Sabores
El original de este escrito se perdió hace años, en los tiempos de Facultad, pero me redituó un MB en la clase del maestro Gustavo Sáinz. Era la crónica paso a paso, minuto a minuto, de un viaje que realizamos a la península de Yucatán, Ignacio Elizarraraz del Pozo, Sergio Ajuria Ceja y yo.
Eran los primeros años de la década de los 70 y el tren, ese romántico armatoste que partía de la estación Buenavista, nos costó menos de 50 pesos por cabeza y en él nos hicimos a las vías un día de verano.
Como clásicos estudiambres el deseo era grande pero el presupuesto mínimo. Avión, ni en nuestros mejores sueños; autobús, fuera de nuestro alcance, pero… existía el tren.

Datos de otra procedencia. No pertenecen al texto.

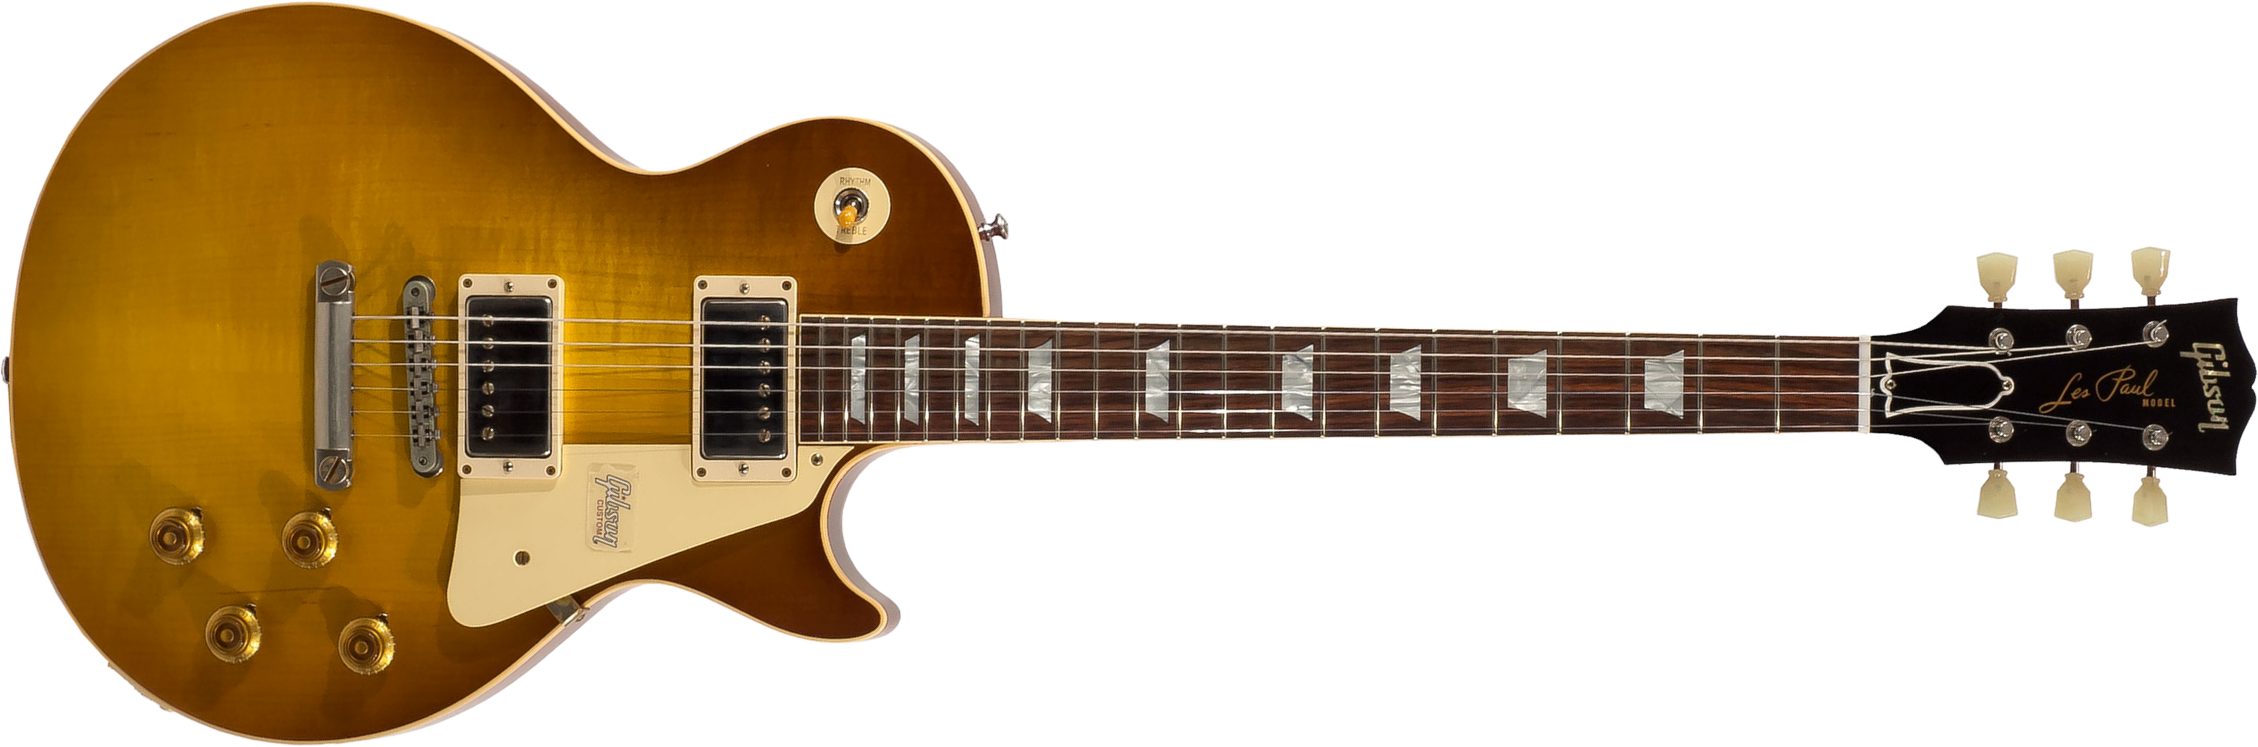 Gibson Custom Shop Les Paul Standard 1958 2h Ht Rw - Vos Royal Teaburst - Guitarra eléctrica de corte único. - Main picture

Ninguno llevaba maleta, cada quien una pequeña mochila con lo más indispensable. Con eso y un espíritu de aventura nuevecito disfrutábamos cada detalle de nuestra travesía.

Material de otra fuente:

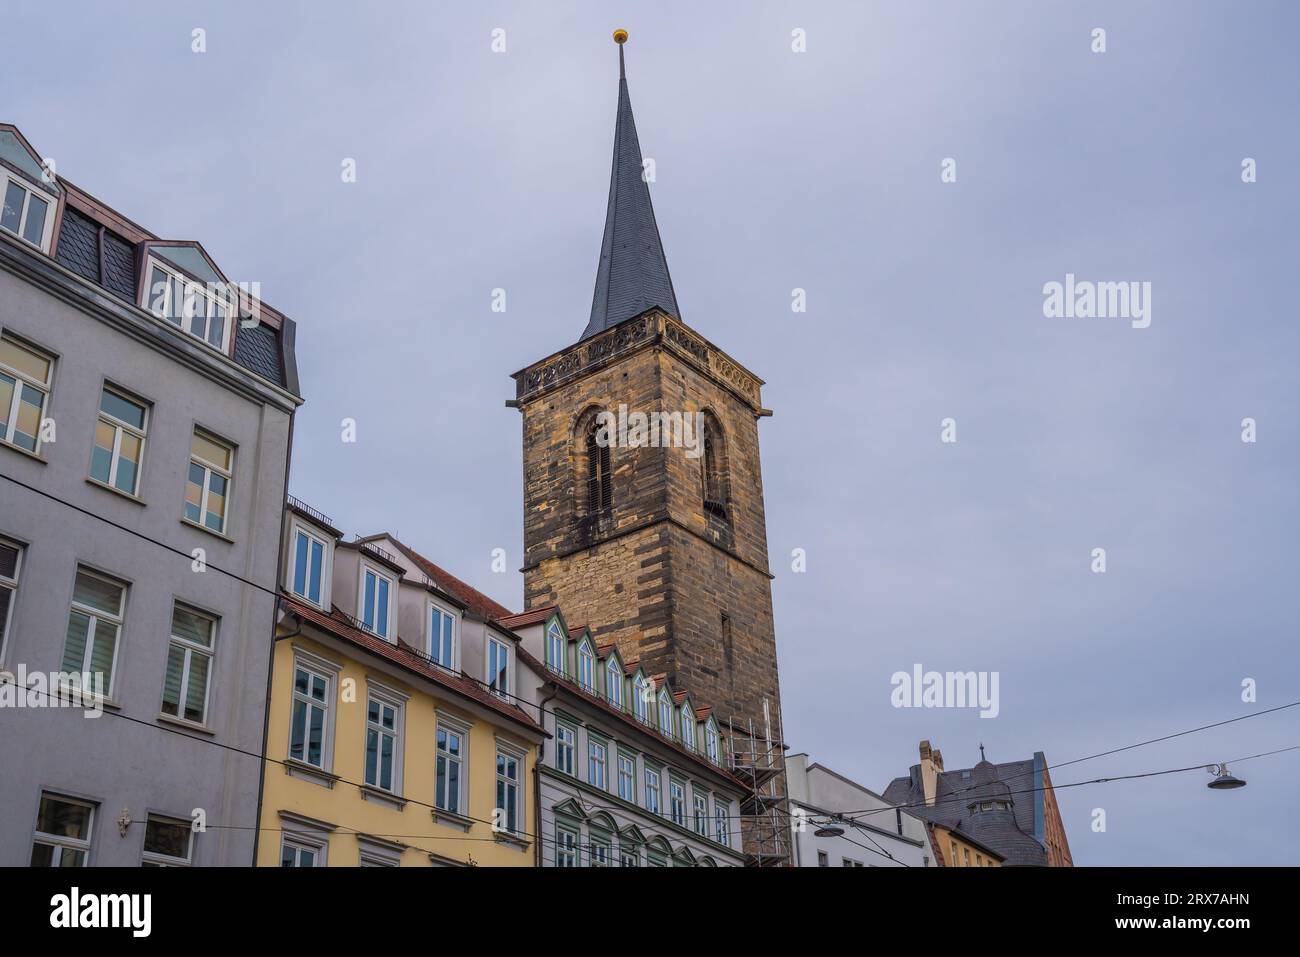 St. Tour de l'église de Bartholomew - Erfurt, Allemagne Banque D'Images

Salimos del entonces D.F. por el rumbo de Iztapalapa y nos enfilamos hacia Puebla, nuestra primera parada donde comimos con apetito de recién nacido todas las delicias que aparecieron frente a nuestros ojos: Taquitos, tamales, sopecitos, enchiladas, donas, dulces envueltos y encuerados mermaron nuestro de por sí exiguo presupuesto.

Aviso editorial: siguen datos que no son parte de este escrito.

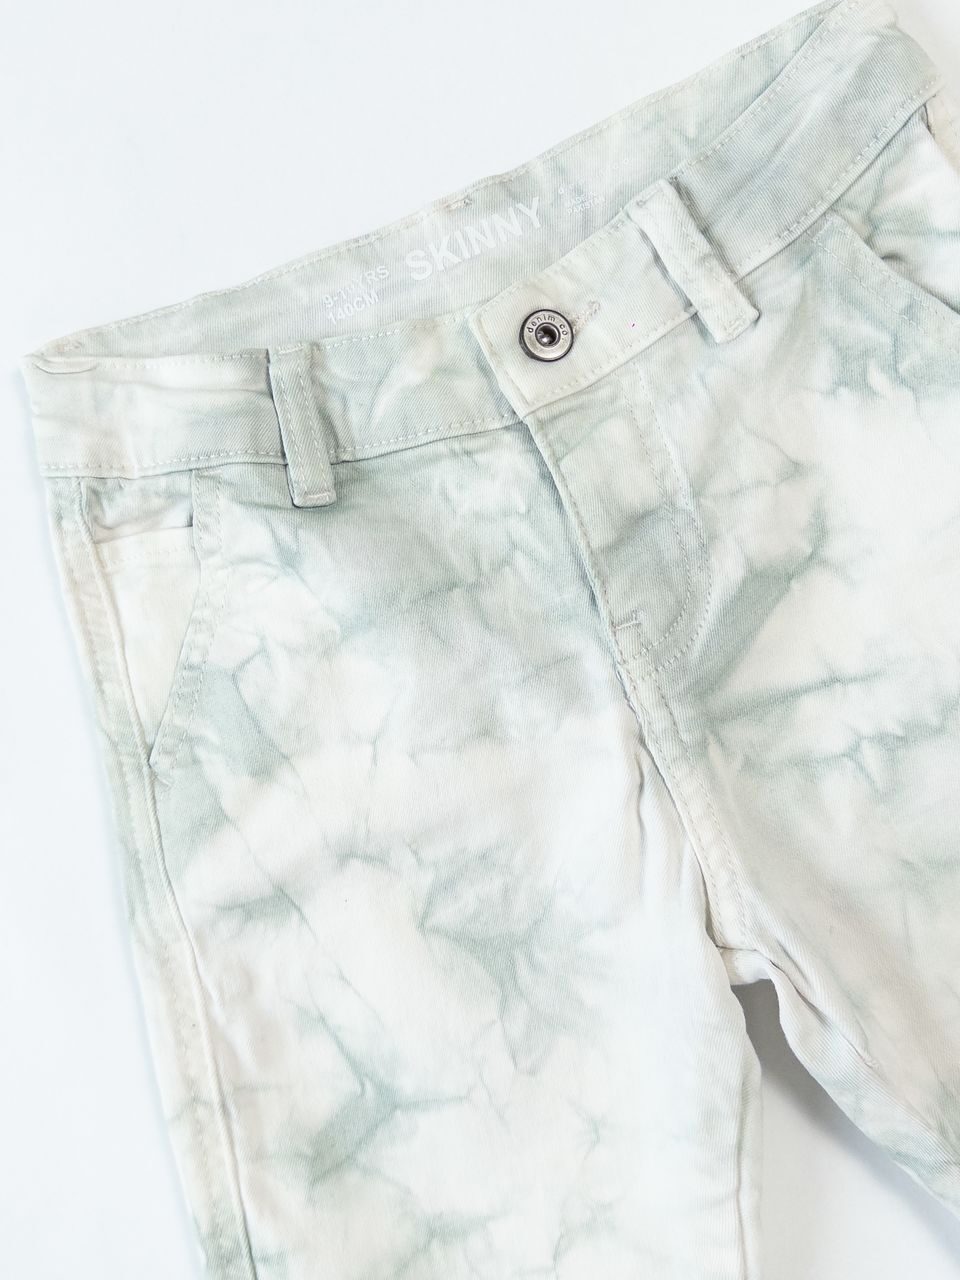 Шорты скини джинсовые для мальчика с регулировкой в талии цвет белый/зеленый на рост 140 см 9-10 лет Primark (имеется незначительное пятнышко на кармане сзади)

Con la barriga llena y el corazón contento continuamos el trayecto hacia Mérida en esa primera noche, que pasamos casi sin dormir al unirnos a un grupo que no olvidó sus guitarras para amenizar el viaje.
El vaivén del vagón y el sabroso taca-tán se detuvieron de pronto y no sabíamos por qué. Se presentó una avería y estaríamos detenidos un buen rato, nos dijo el maquinista. Estábamos en Tierra Blanca, Veracruz, con un sembradío de piñas a la vista.
¿Piñas gratis? Comenzó el primero y no tardamos todos los demás, fue una ra-piña, pero… En el pecado llevamos la penitencia: Una hora más tarde, todos los abusivos sangrábamos profusamente con los labios hechos pedazos por el ácido de la rica fruta.
Podías llorar o reír. Optamos por lo segundo, instalados totalmente en modo vacaciones. Esa fue apenas la primera de las más de 15 averías que sufrió la máquina.
Nos bañábamos con ropa en las tomas de agua de los trenes, era sólo para refrescarnos y ya no nos preocupaba el grito de “¡Vámonos!” Corríamos y en menos de 5 minutos alcanzábamos el cabús.
Con todos los demás pasajeros, comenzamos como compañeros de viaje y casi nos volvimos familia. Se organizaba la coperacha para la comida, porque cada vez era menos el dinero de todos. Nunca imaginamos que la mitad del tiempo de nuestras vacaciones la pasaríamos en un tren. Después de 77 horas, Mérida ya se veía como un sueño lejano.